EBS Volume Types (New Generation)

EBS Volume Types

Solid state drives (SSD-backed) volumes

Solid state drives (SSD-backed) volumes

General Purpose SSD Volumes (gp2/gp3)

  • General Purpose SSD volumes offer cost-effective storage that is ideal for a broad range of workloads.
  • General Purpose SSD volumes deliver single-digit millisecond latencies
  • General Purpose SSD volumes can range in size from 1 GiB to 16 TiB.
  • General Purpose SSD (gp2) volumes
    • has a maximum throughput of 160 MiB/s (at 214 GiB and larger).
    • provides a baseline performance of 3 IOPS/GiB
    • provides the ability to burst to 3,000 IOPS for extended periods of time for volume size less than 1 TiB and up to a maximum of 16,000 IOPS (at 5,334 GiB).
    • If the volume performance is frequently limited to the baseline level (due to an empty I/O credit balance),
      • consider using a larger General Purpose SSD volume (with a higher baseline performance level) or
      • switching to a Provisioned IOPS SSD volume for workloads that require sustained IOPS performance greater than 16,000 IOPS.
  • General Purpose SSD (gp3) volumes
    • deliver a consistent baseline rate of 3,000 IOPS and 125 MiB/s, included with the price of storage.
    • additional IOPS (up to 16,000) and throughput (up to 1,000 MiB/s) can be provisioned for an additional cost.
    • the maximum ratio of provisioned IOPS to provisioned volume size is 500 IOPS per GiB
    • the maximum ratio of provisioned throughput to provisioned IOPS is .25 MiB/s per IOPS.

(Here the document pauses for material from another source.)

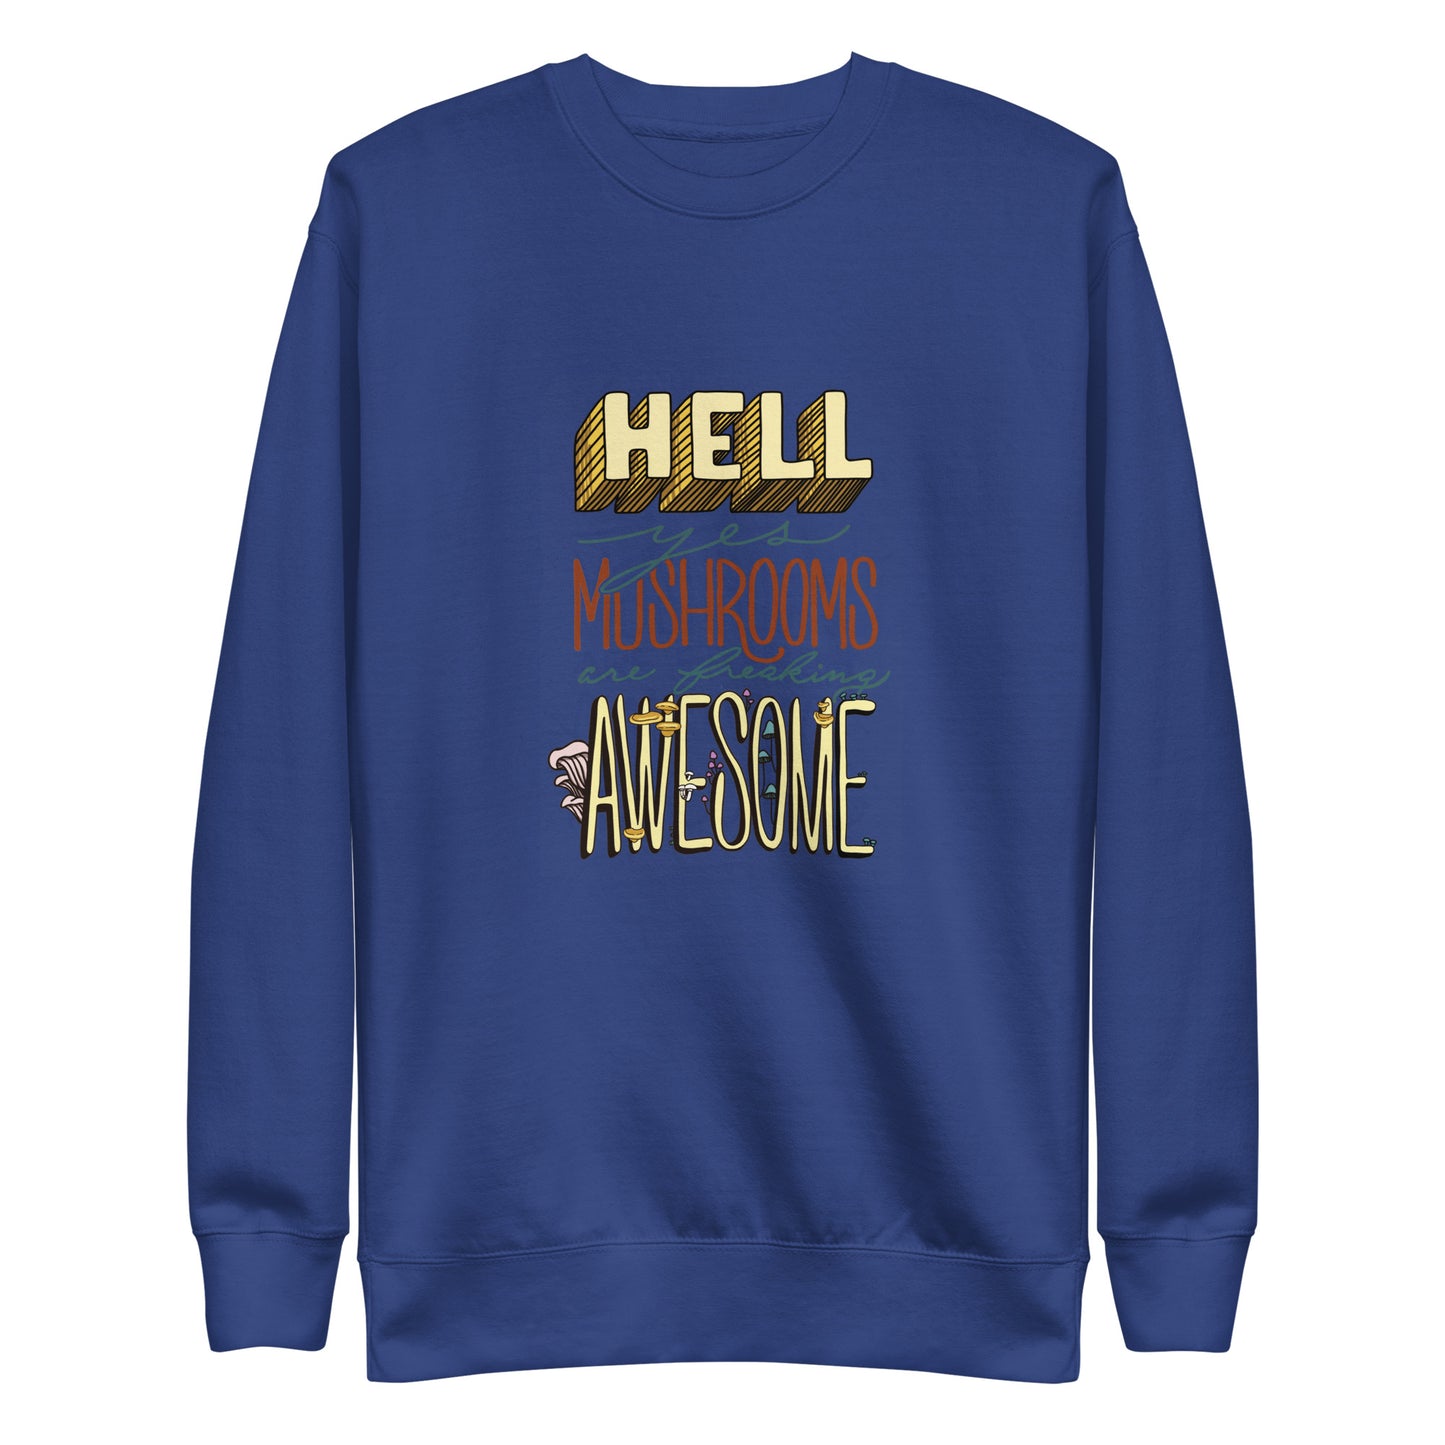 Hell Yes Mushrooms Are Freaking Awesome | Unisex Sweatshirt | Funny Mushroom Apparel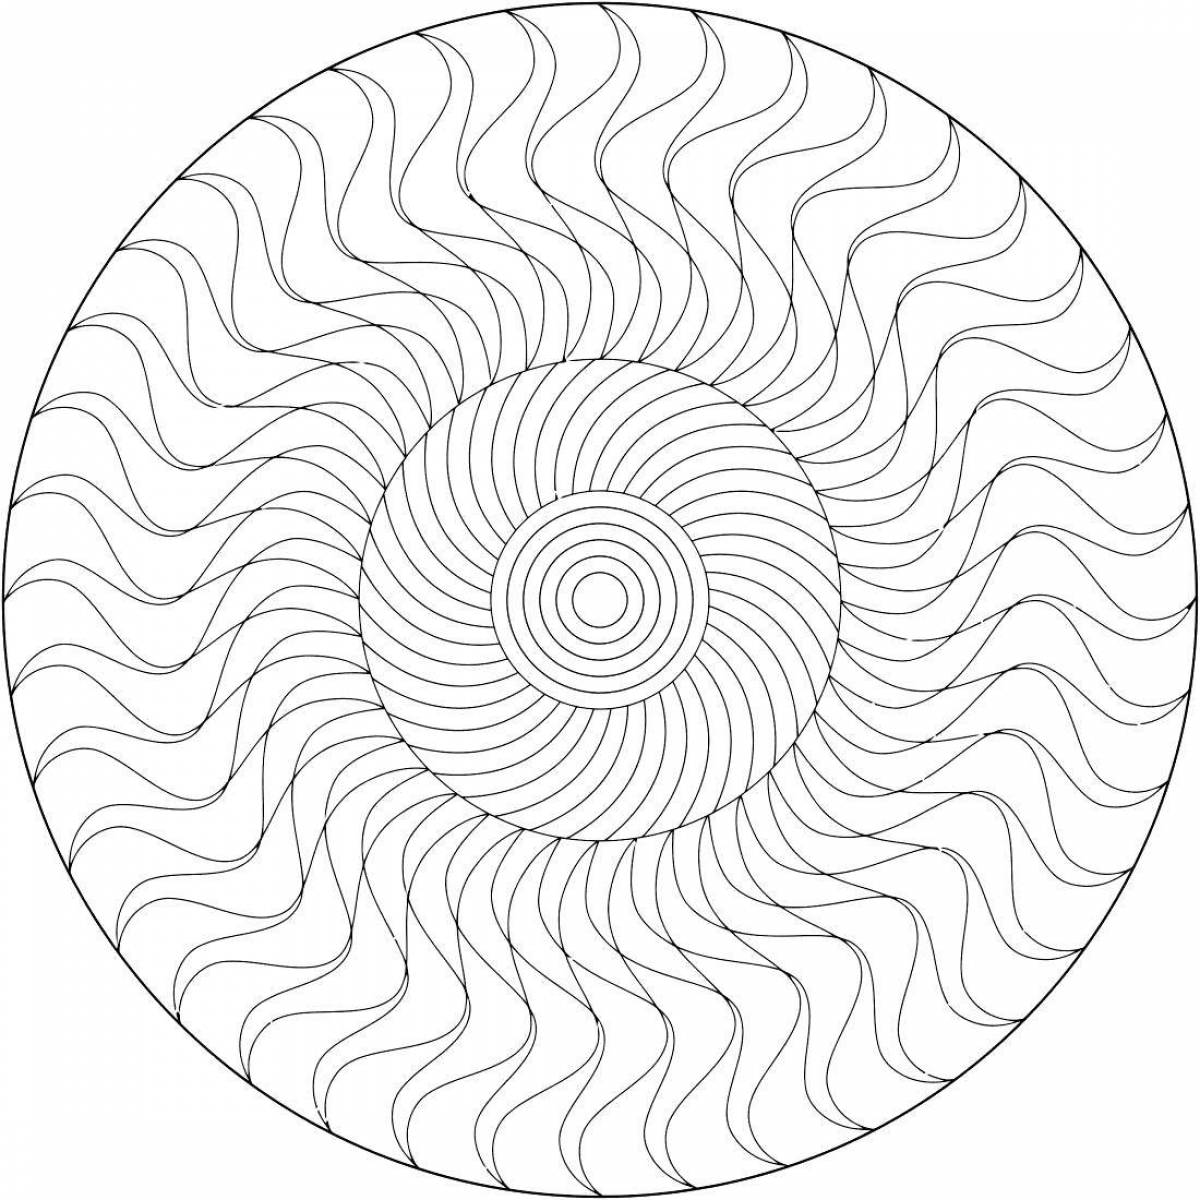 Nice spiral coloring

I/O Credits and Burst Performance

  • I/O credits represent the available bandwidth that the General Purpose SSD volume can use to burst large amounts of I/O when more than the baseline performance is needed.
  • General Purpose SSD (gp2) volume performance is governed by volume size, which dictates the baseline performance level of the volume for e.g. 100 GiB volume has a 300 IOPS @ 3 IOPS/GiB
  • General Purpose SSD volume size also determines how quickly it accumulates I/O credits for e.g. 100 GiB with a performance of 300 IOPS can accumulate 180K IOPS/10 mins (300 * 60 * 10).
  • Larger volumes have higher baseline performance levels and accumulate I/O credits faster for e.g. 1 TiB has a baseline performance of 3000 IOPS
  • More credits the volume has for I/O, the more time it can burst beyond its baseline performance level and the better it performs when more performance is needed for e.g. 300 GiB volume with 180K I/O credit can burst @ 3000 IOPS for 1 minute (180K/3000)
  • Each volume receives an initial I/O credit balance of 5,400,000 I/O credits, which is enough to sustain the maximum burst performance of 3,000 IOPS for 30 minutes.
  • Initial credit balance is designed to provide a fast initial boot cycle for boot volumes and a good bootstrapping experience for other applications.
  • Each volume can accumulate I/O credits over a period of time which can be to burst to the required performance level, up to a max of 3,000 IOPS
  • Unused I/O credit cannot go beyond 54,00,000 I/O credits.

IOPS vs Volume size

  • Volumes till 1 TiB can burst up to 3000 IOPS over and above its baseline performance
  • Volumes larger than 1 TiB have a baseline performance that is already equal to or greater than the maximum burst performance, and their I/O credit balance never depletes.
  • Baseline performance cannot be beyond 10000 IOPS for General Purpose SSD volumes and this limit is reached @ 3333 GiB

IOPS vs Volume Size

Baseline Performance

  • Formula – 3 IOPS i.e. GiB * 3
  • Calculation example
    • 1 GiB volume size =  3 IOPS (1 * 3 IOPS)
    • 250 GiB volume size = 750 IOPS (250* 3 IOPS)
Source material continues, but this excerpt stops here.